Eugene Fama & Kenneth Frenchm University of Chicago Working Paper, March 2009

Abstract: The aggregate portfolio of U.S. equity mutual funds is close to the market
portfolio, but the high costs of active management show up intact as lower returns to investors. Bootstrap simulations produce no evidence that any managers have enough skill to cover the costs they impose on investors. If we add back costs, there is some evidence of inferior and superior performance (non-zero true alpha) in the extreme tails of the cross section of mutual fund alpha estimates. The evidence for performance is, however, weak, especially for successful funds, and we cannot reject the hypothesis that no fund managers have skill that enhances expected returns.

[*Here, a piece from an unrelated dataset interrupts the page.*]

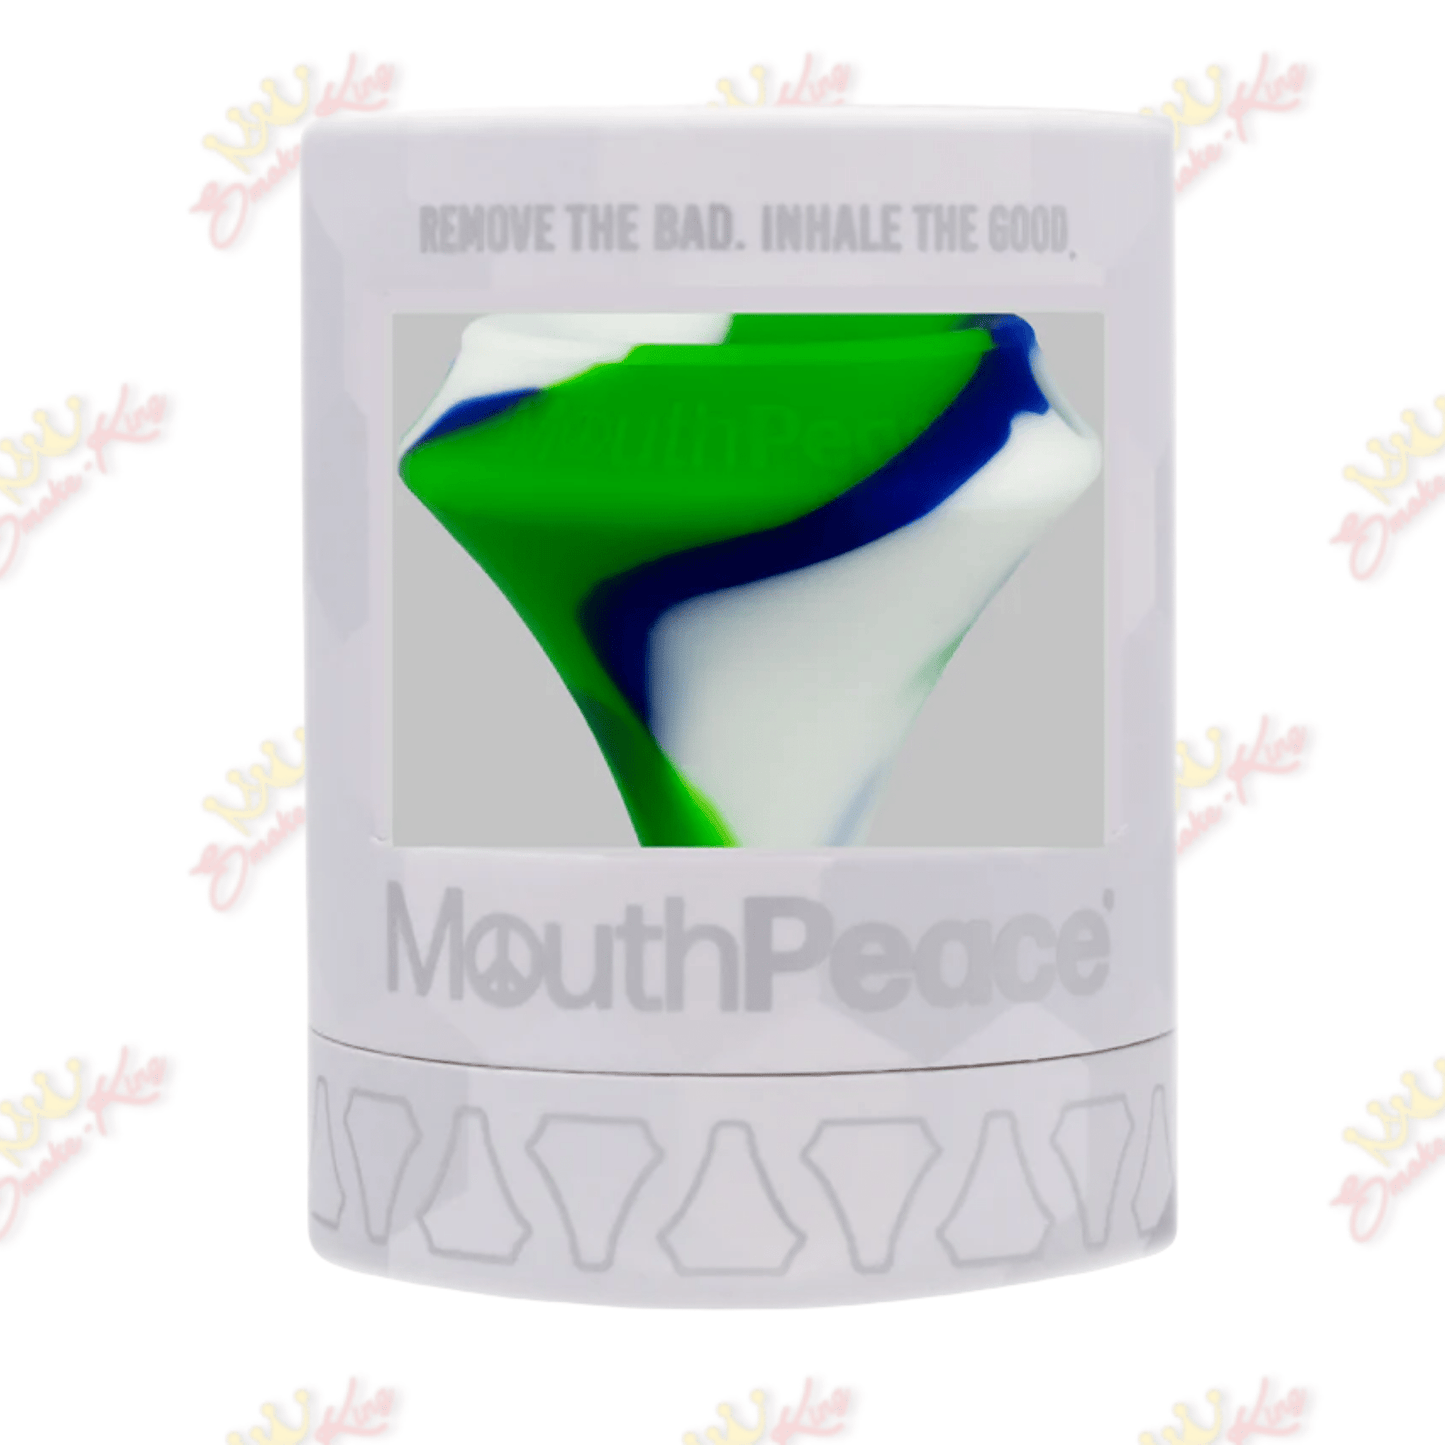 Moose Labs Earth Bong Filter Mouth Piece

Since both of these results are PRECISELY what economists would predict, I expect to hear a little credit from you nay-sayers.

What I don't understand is why universities wasted so much money on high-priced investment advisers. Hell, I could have lost 20% or more of Duke's endowment, and done it for HALF the cost.

Fact is, Ms. Mungowitz and I bailed out of the stock market for our 401k money in August of 2007. Now, that was not the peak, and for a while I felt silly. But converting all of our stocks into cash and short term gov bonds certainly "made" us a lot of cash, from November 2008 through February 2009. And I didn't charge us any fees at ALL.

2 comments:

Mr. Overwater said...

Congrats on that. I think that's the first time I know of that one of your predictions came true.

What made you decide to do that shift? What information did you base it on?

I've been thinking about shifting into more inflation-linked bonds, because (obviously this is why) I think we're going to have quite a bit of inflation in the next decade.

Mungowitz said...

Volatility in prices, and the huge volume. And, of course, it was pure luck, I realize that.

Yes, I agree, inflation is likely. But bonds of any kind may have trouble with inflation. Money market is safer...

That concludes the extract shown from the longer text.